When dealing with large(ish) datasets, reducing the memory usage is something you need to consider if you’re stretching to the limits of using a single machine. For example, when you try to load some data from a big CSV file, you want to avoid your program crashing with a MemoryError. These tips can also help speeding up some downstream analytical queries.
The overall strategy boils down to choosing the right data types and loading only what you need. In this article you’ll learn about:
- Finding out how much memory is used
- Saving memory using categories
- Saving memory using smaller number representations
- Saving memory using sparse data (when you have a lot of NaN)
- Choosing the right dtypes when loading the data
- Loading only the columns you need
- Loading only a subset of rows
Finding out how much memory is used
First, let’s look into some simple steps to observe how much memory is taken by a pandas DataFrame.

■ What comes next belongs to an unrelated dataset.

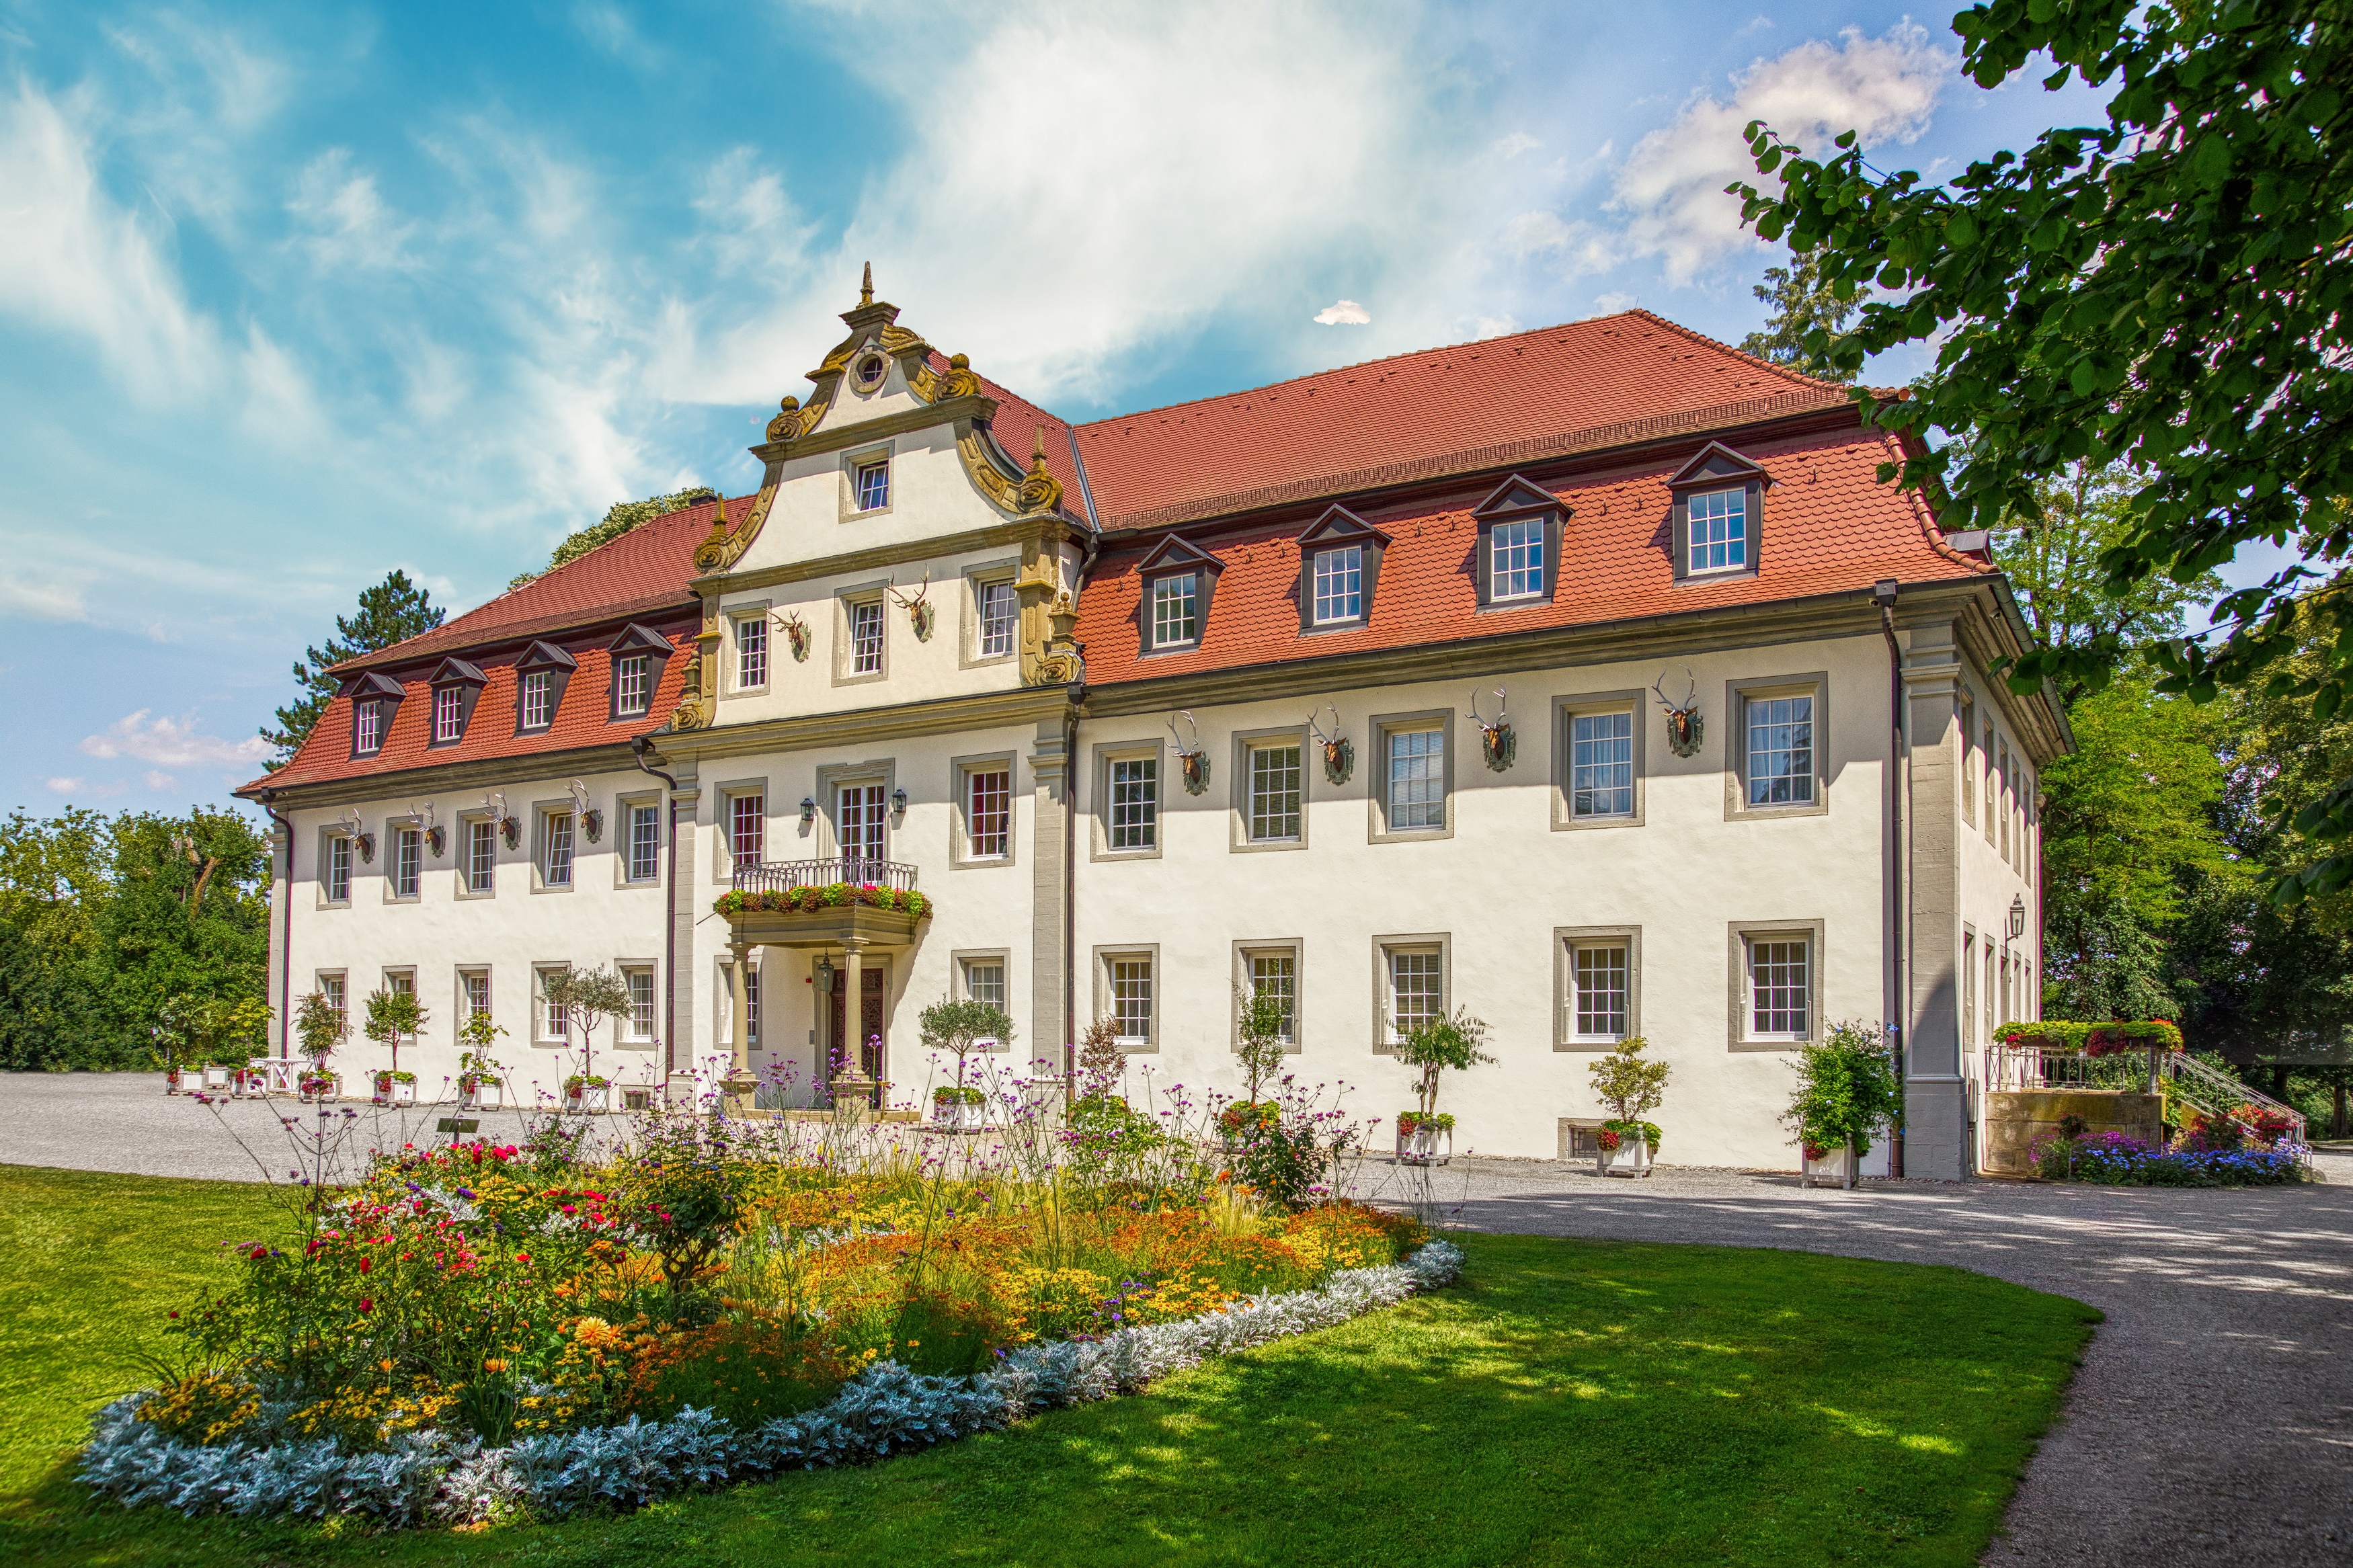 Jagdschloss Schlosshotel Friedrichsruhe, Zweiflingen.

For the examples I’m using a dataset about Olympic history from Kaggle. The dataset is in CSV format and takes roughly 40Mb on disk.
>>> import pandas as pd
>>> athletes = pd.read_csv('athlete_events.csv')
>>> athletes.shape
(271116, 15)
There are ~271K records with 15 columns
For a breakdown of the memory usage, column by column, we can use memory_usage() on the whole DataFrame. The memory is reported in bytes:
>>> athletes.memory_usage(deep=True)
Index 128
ID 2168928
Name 20697535
Sex 15724728
Age 2168928
Height 2168928
Weight 2168928
Team 17734961
NOC 16266960
Games 18435888
Year 2168928
Season 17080308
City 17563109
Sport 18031019
Event 24146495
Medal 9882241
dtype: int64
The function also works for a single column:
>>> athletes['Name'].memory_usage(deep=True)
20697663
The difference between the two outputs is due to the memory taken by the index: when calling the function on the whole DataFrame, the Index has its own entry (128 bytes), while for a single column (i.e. a pandas Series) the memory used by the index is aggregated.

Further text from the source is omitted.